He was previously an analyst for the International Crisis Group based in Tehran and Washington. He grew up in the United States but is the son of Iranian parents. We recorded our interview this morning. Well, Kareem Sajjadpour, welcome back to Fresh Air. It has been a very busy, dizzying series of events. And I wonder if you might begin by just sharing what you may be hearing from friends and contacts in Iran about this.

how they are, how they're reacting to the U.S. entry into the war. Well, thank you, Dave. It's wonderful to be with you. I think that inside Iran, you have a very torn population. On one hand, Iranians are very patriotic, very nationalistic people. At the same time, I would say probably more than 80% of Iranians are deeply discontent living under the Islamic Republic, which is essentially...

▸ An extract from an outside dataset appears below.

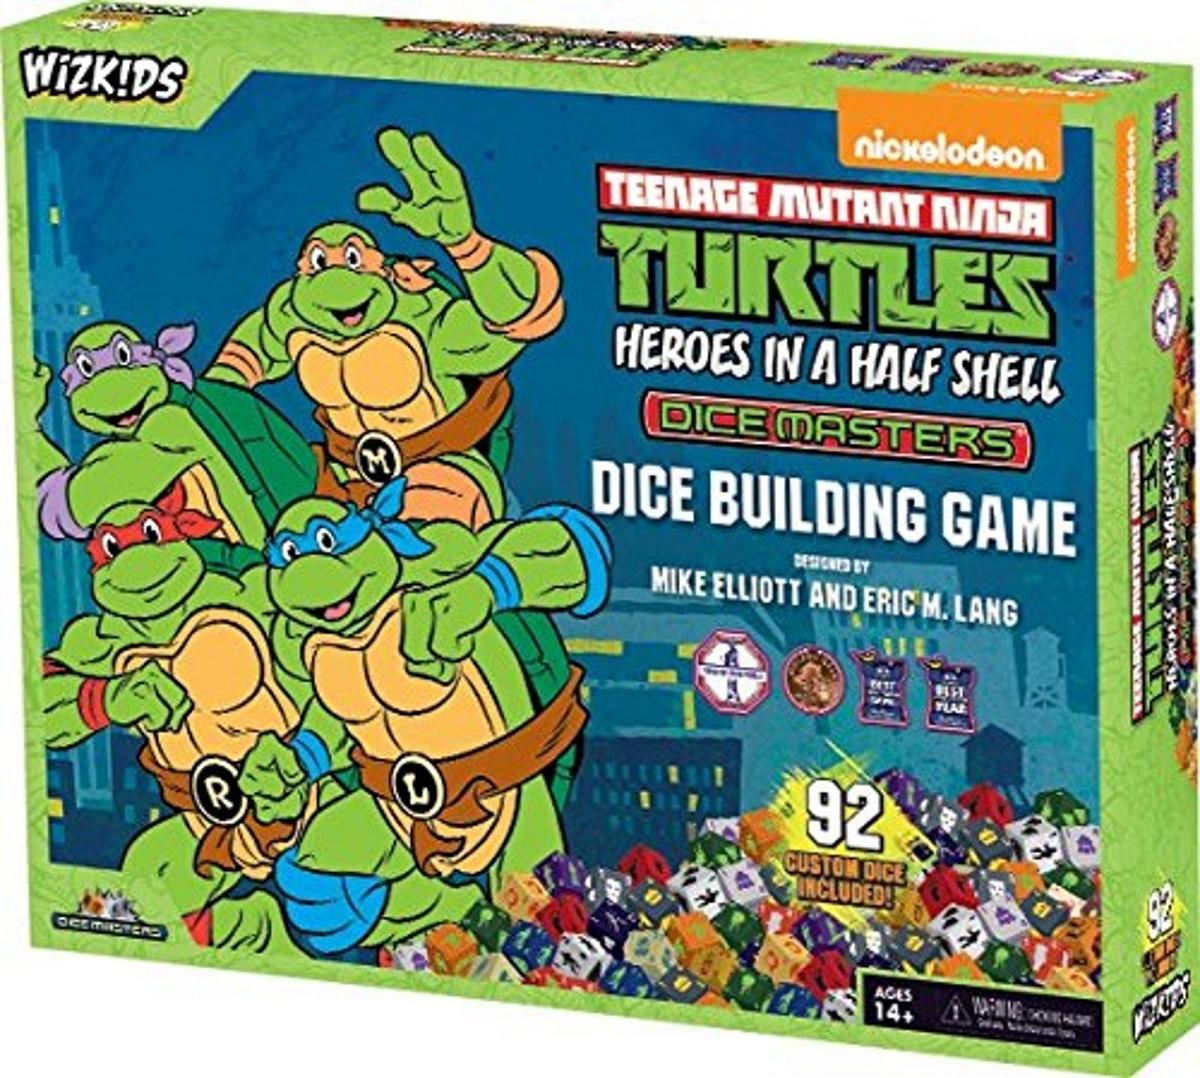 Teenage mutant ninja turtles dice masters heroes in a half shell box set
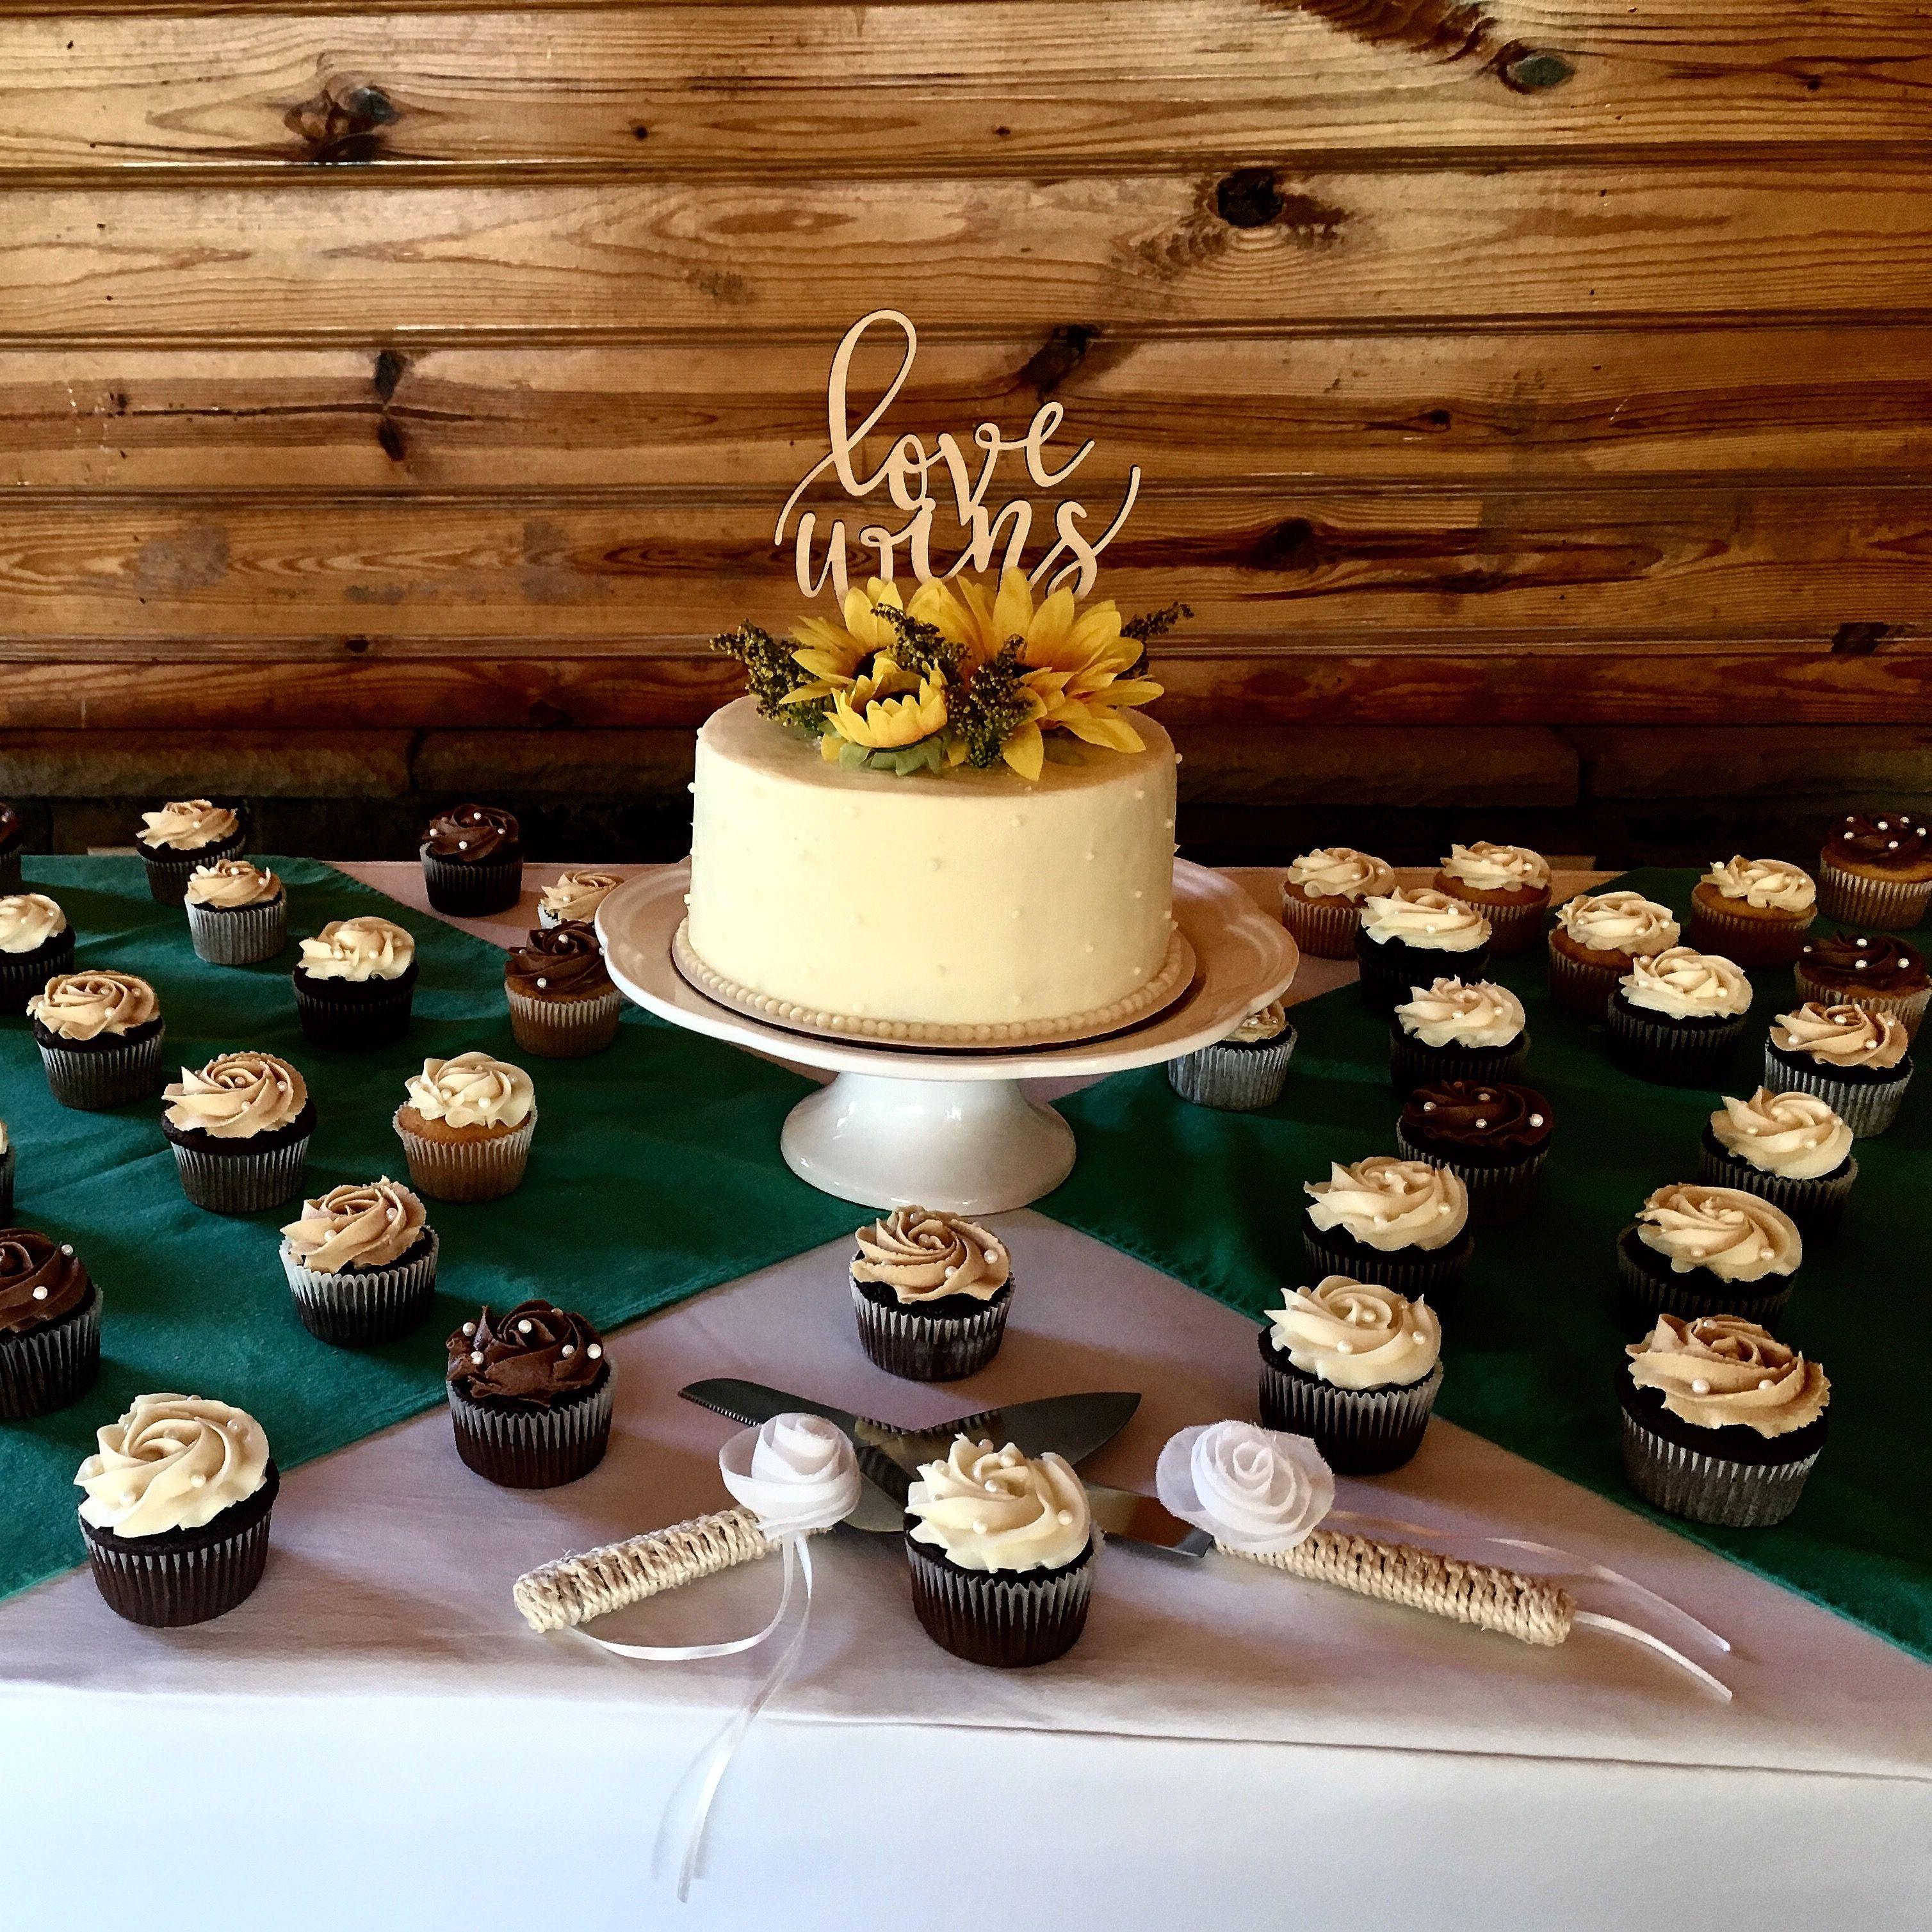 Rustic Wedding Cake And Cupcakes: Simple Rustic Wedding Cake And Cupcakes

not only a politically authoritarian regime, but it's also socially authoritarian, and it's profoundly mismanaged the country economically. And so I think that early on in the war, when Israel first invaded last week, and they took out some of Iran's senior military commanders, these were individuals that were associated with repression for many Iranians. And

Those were very precision operations and didn't impact the lives of most Iranians. So early on, I think many members of Iranian society were watching in amazement that suddenly these individuals who were the faces of repression in Iran could just be disappeared. But then as the war went to Tehran and it became an urban war and President Trump and senior Israeli officials called for

residents of Tehran, a city of more than 10 million people to evacuate, that started to cause enormous disruption in the Iranian society. And there's been hundreds of civilian casualties now in

And so I think it's a population which is right now living in a profound state of anxiety. And then, you know, America dropping several 30,000 pound bombs on Iran's nuclear facilities is unprecedented. I think there's a combination of perhaps deep humiliation, perhaps anger on the part of some people.

And despite the fact that the official slogan of the Iranian regime for many years has been death to America, it's a population which I would argue has yearned for a rapprochement with America. And so very complex feelings there. Yeah.

Well, you know, one of the things that's just not clear in the events of recent days is what the impact is on Iran's nuclear program. And, you know, President Trump said that it was – that the facilities were obliterated. American military leaders were more measured in their comments. It's just not clear. And I have to say, you know, when I had pictured bunker-busting bombs –

Hitting this mountain where the Fordow nuclear facility was based, I pictured it being a kind of relatively contained space that a single bomb might not –

penetrate immediately, but several in a row might get inside the mountain and just blow it up. When you now look at satellite photos, it is a huge area. And, you know, the holes left by these missiles are relatively small. So it's just not exactly clear, is it, how much damage they've done? What's your sense? Well, to the extent that Iran had industrial size nuclear program, it's

that industrial-sized nuclear program has been significantly degraded. The question here is, has Iran's ability to build a nuclear weapon been significantly degraded?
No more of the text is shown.